Maciej: I fully agree with Piotr. The quality and quick availability of data may not be a sexy topic, but it has a huge impact on the usability of the systems we create. A good example is how little AI has helped clinically in the fight against COVID-19 (despite hundreds of solutions created). If the data is not properly prepared, artificial intelligence learns, for example, to distinguish between standing and lying patients or younger and older patients, instead of more or less at risk of complications. Such mistakes were actually made in a pandemic!
We see more and more solutions based on artificial intelligence approved for clinical applications, for example in radiology or in the development of new drugs. But I would like to highlight two areas that lead to an increase in the usefulness and scope of AI in medicine.
The first is data and privacy protection. We can see a very dynamic development here — solutions that allow for teaching models without access to source data, central data processing, while maintaining full control over who uses [the data], when and for what, creating a distributed network of data owners who conduct research together without exchanging data and improve models or data publishing to be useful but not identifiable. Topics such as federated learning, confidential computing and differential privacy will surely open up new doors in the diffusion of artificial intelligence.
The second is explainability, i.e., the functionality, thanks to which the AI model explains to us why it returns such a result (recommendation, prediction, classification, etc.). We see it in AI implementations in a clinical context, solutions that allow medical staff to make decisions on their own (with AI support) are much more useful and valuable. And in order for AI to be a good advisor and helper, it must be able to clearly explain not only what but also why it suggests.
As the world’s leading human health data and analytics company, IQVIA deals with real-world data — data from sources associated with outcomes in heterogeneous patient populations — and with big data, or extremely large data sets that reveal patterns, trends and associations when analyzed computationally.
To meet our goal of understanding how healthcare works in over 100 countries around the globe, IQVIA draws data from 1 million sources that give us access to 100 billion healthcare records, including 600 million anonymous patient records, in these 100-plus countries. Handling this data requires a massive technology infrastructure.
One part of that massive technology infrastructure is the Data Factory, which processes electronic medical records, or EMRs, including data about pseudonymous patients and doctors, doctor visits, prescriptions, lab tests, diagnosis, immunizations, allergies, problems with healthcare and more. The Data Factory employs more than 100 team members in Poland, France, the U.K. and Germany.
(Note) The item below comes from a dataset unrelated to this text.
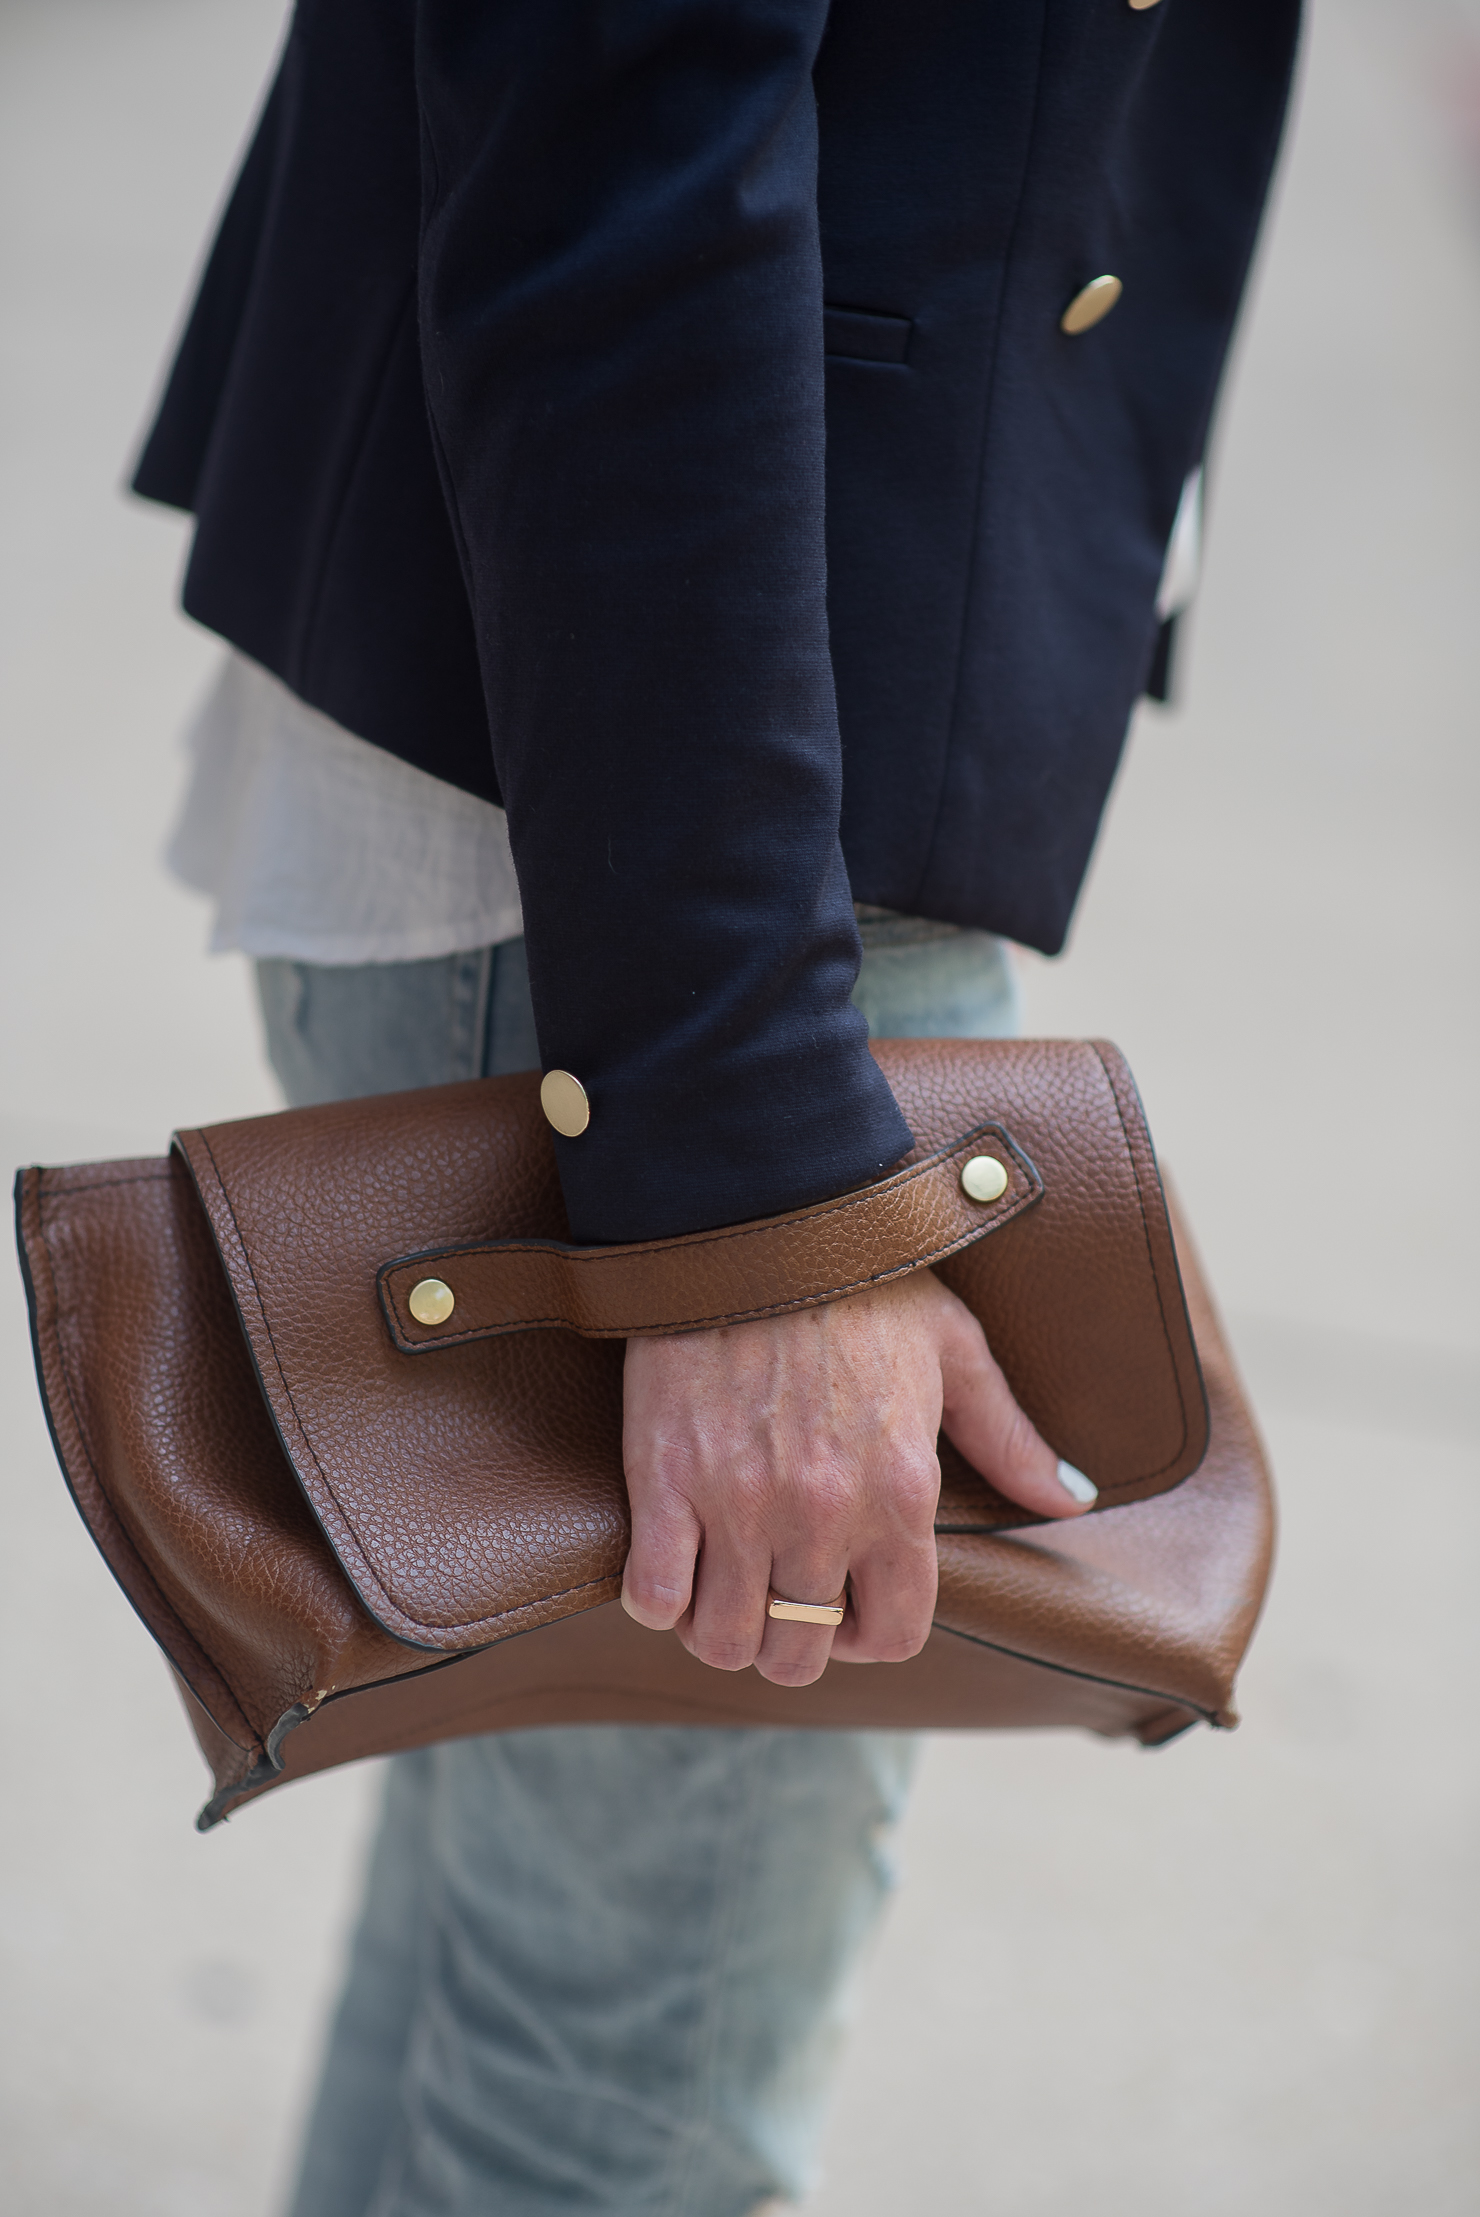 treasure-and-bond-skinny-boyfriend-jeans-hm-gold-button-blazer-zara-clutch-transitioning-to-fall-fashion-city-chic

Piotr Kaczor. Associate director, IT Architecture, for IQVIA in Warsaw is responsible for end-to-end healthcare data warehouse design for local IQVIA teams around the world. This includes design and implementation of data processing systems for EMRs and their development (data quality, applications and warehousing, and development of a reference database). His 15 years of experience includes working with BigData since 2016 and with Oracle, Teradata and IBM PureData for Analytics (Netezza) technology before that.
Maciej Piotrowski. Director, IT Architecture, for IQVIA in Warsaw is responsible for defining the technology strategy for IQVIA’s Real World & Analytics solutions organization, with a focus on data systems. He is responsible for defining and implementing a technological strategy for products in the area of data transformation, analytics and artificial intelligence.